_Action item_.
From the first line to the last, copy the data exactly and drop the pictures.

_Raw data_.
----

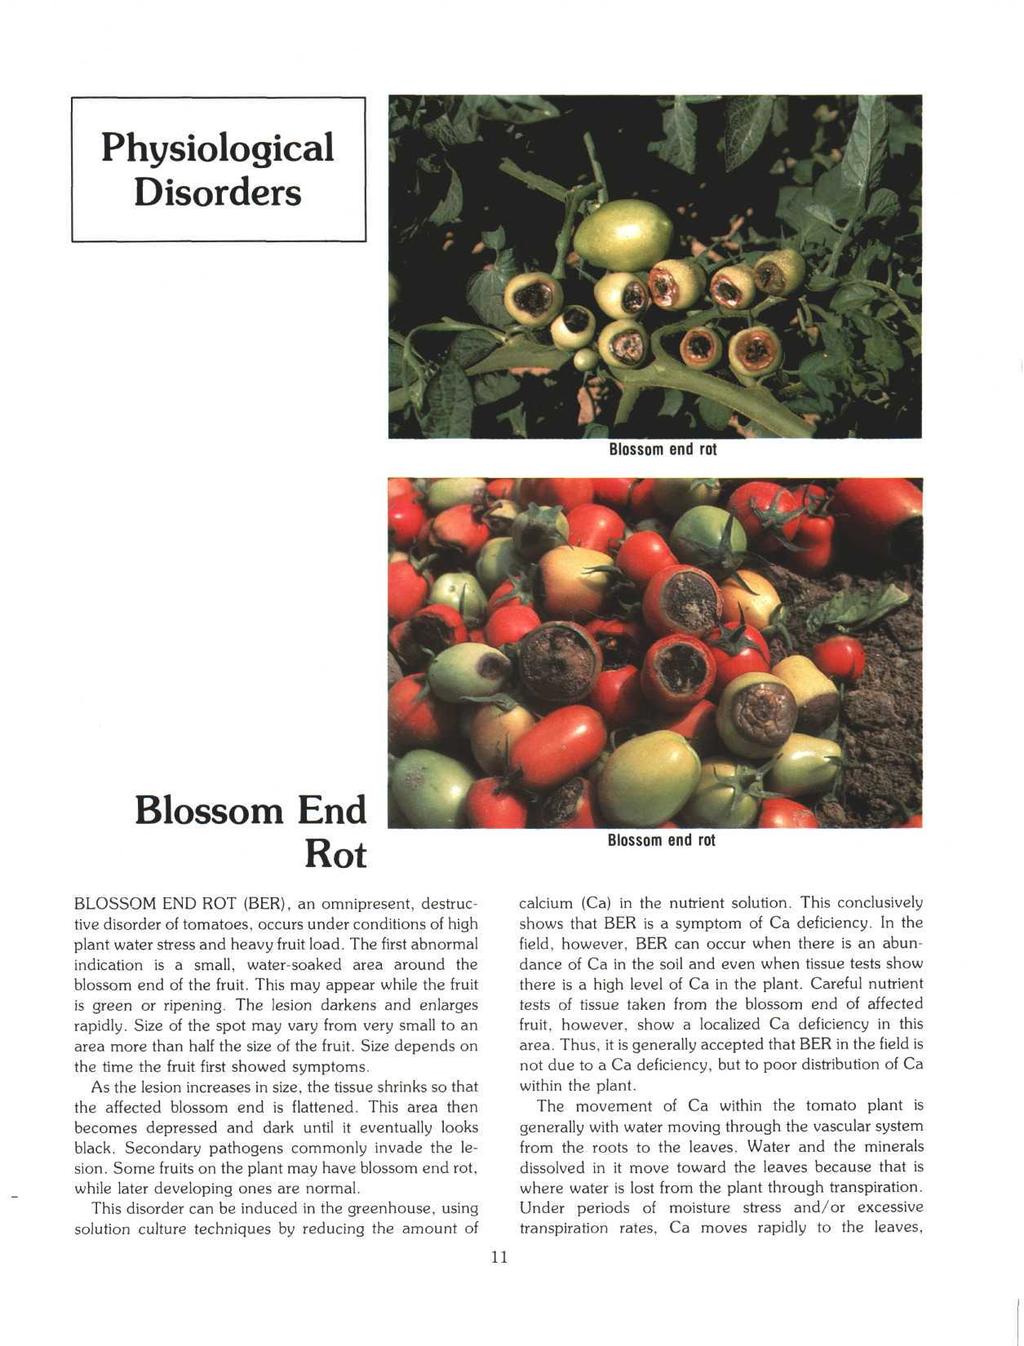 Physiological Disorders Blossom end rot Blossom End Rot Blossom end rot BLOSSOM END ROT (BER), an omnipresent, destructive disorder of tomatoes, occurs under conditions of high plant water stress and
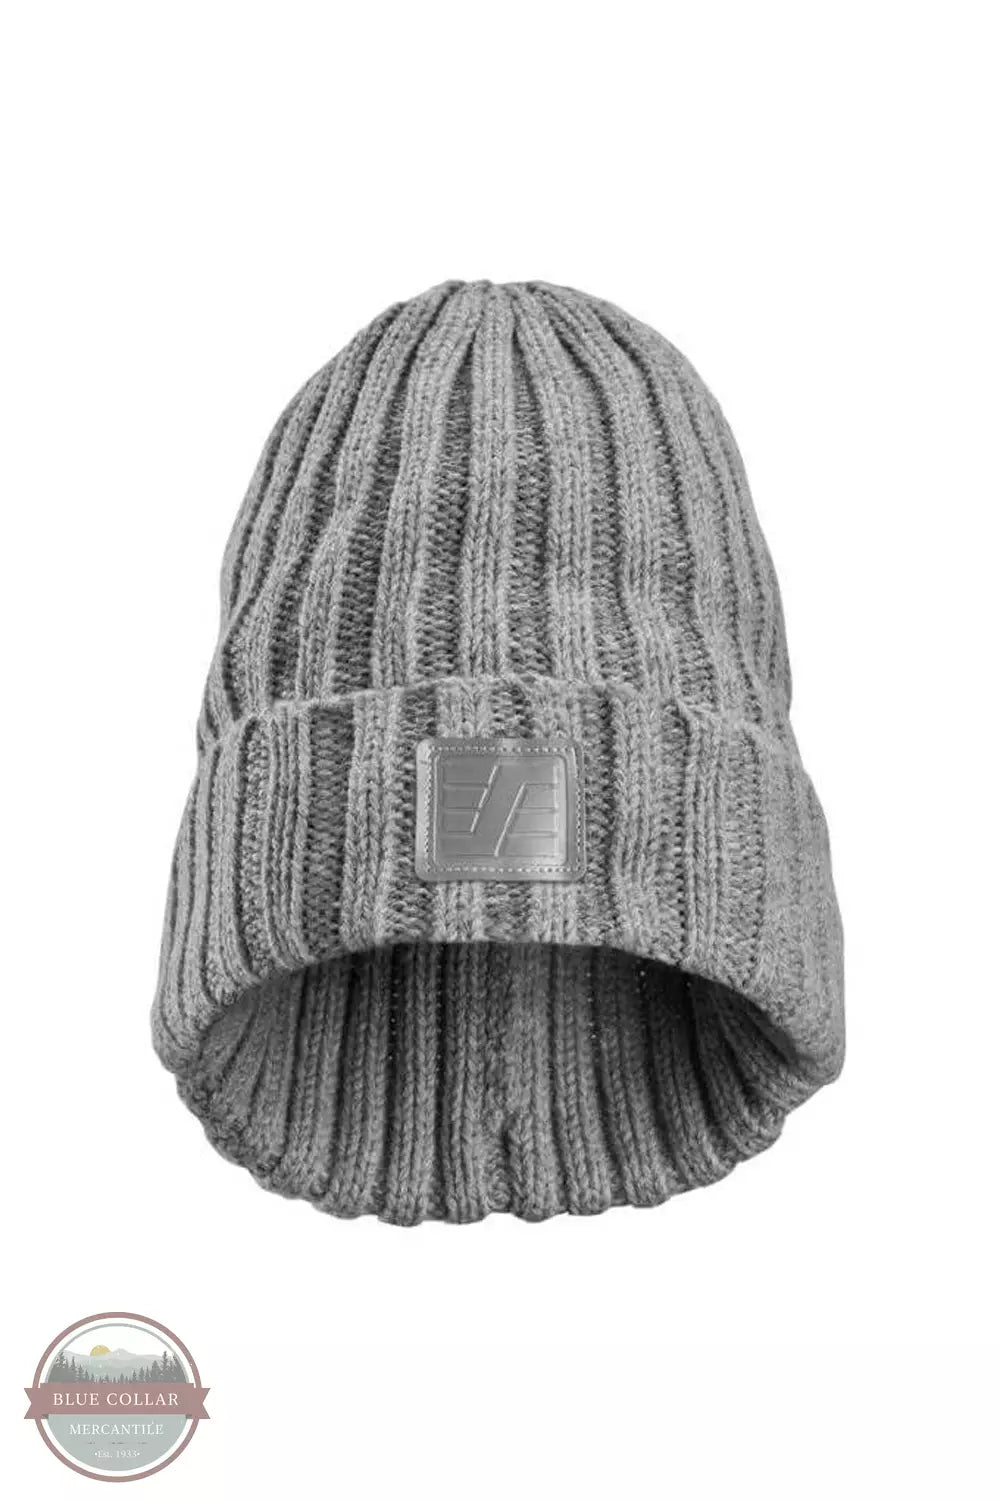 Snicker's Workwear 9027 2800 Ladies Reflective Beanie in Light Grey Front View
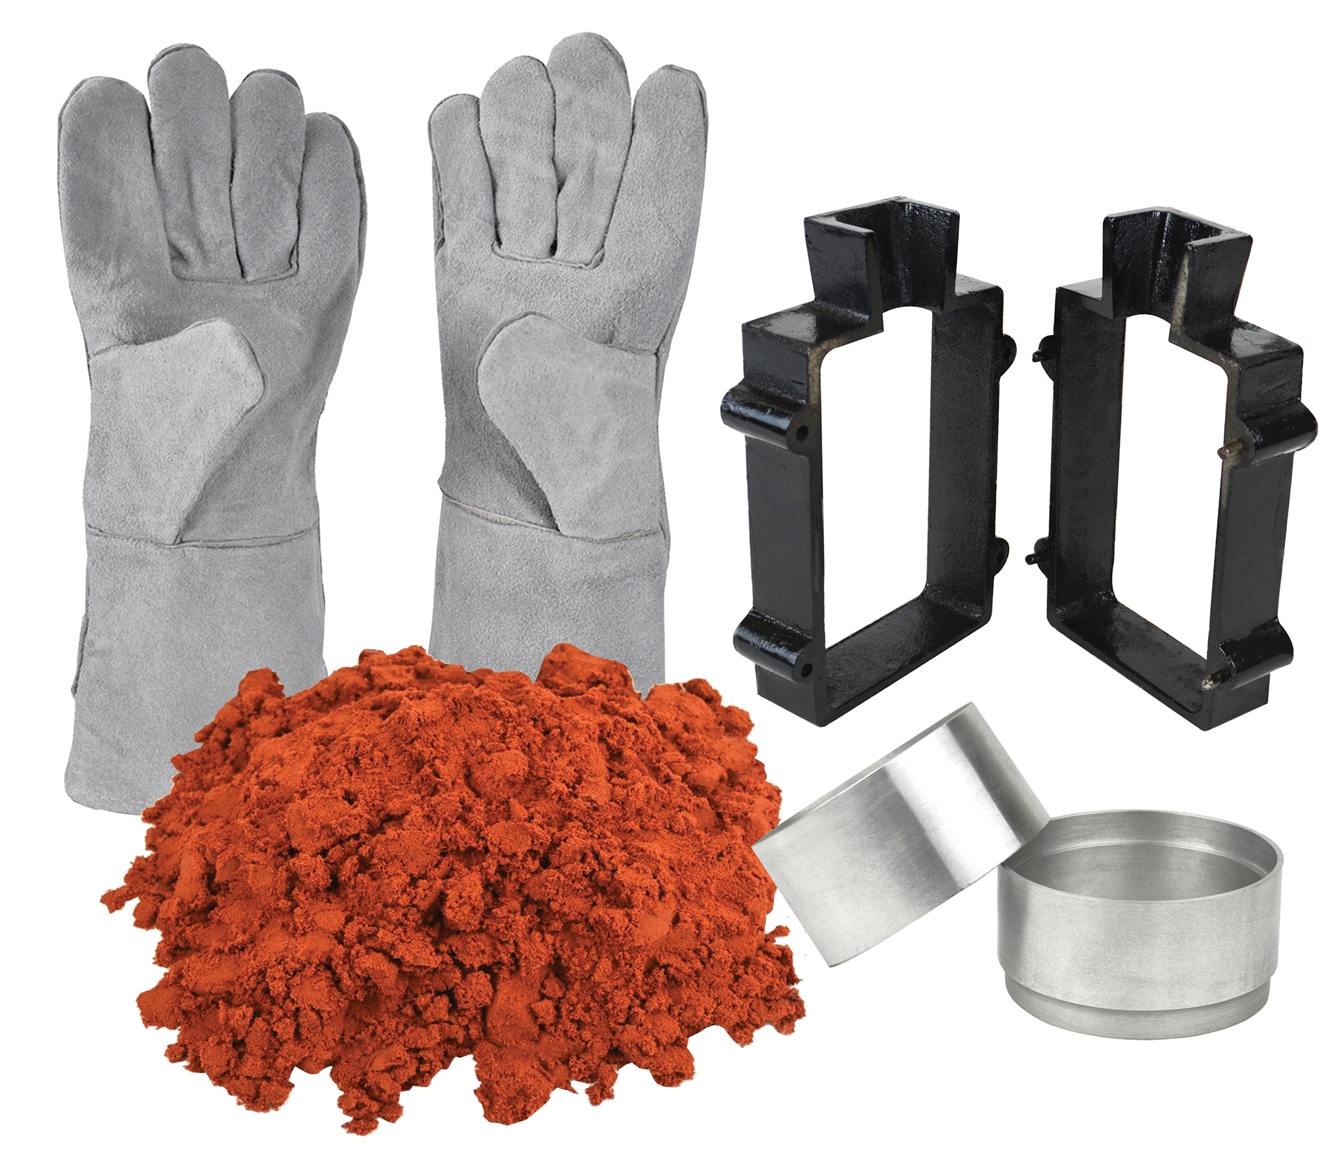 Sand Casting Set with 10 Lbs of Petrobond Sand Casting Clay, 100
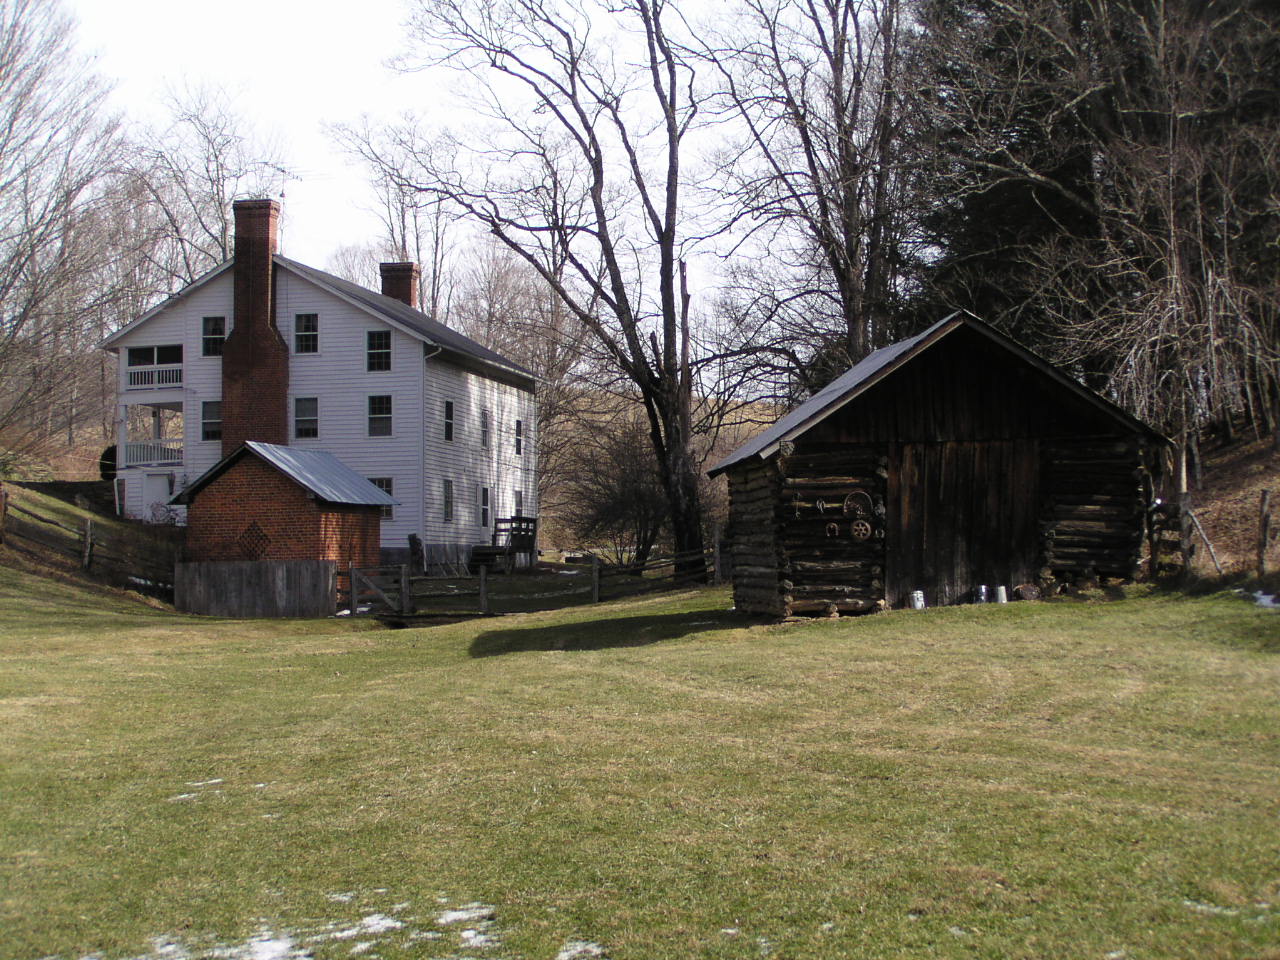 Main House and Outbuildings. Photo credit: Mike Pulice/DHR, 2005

----

_Response_.
 Physiological Disorders Blossom end rot Blossom End Rot Blossom end rot BLOSSOM END ROT (BER), an omnipresent, destructive disorder of tomatoes, occurs under conditions of high plant water stress and
 Snicker's Workwear 9027 2800 Ladies Reflective Beanie in Light Grey Front View
 Sand Casting Set with 10 Lbs of Petrobond Sand Casting Clay, 100
 Main House and Outbuildings. Photo credit: Mike Pulice/DHR, 2005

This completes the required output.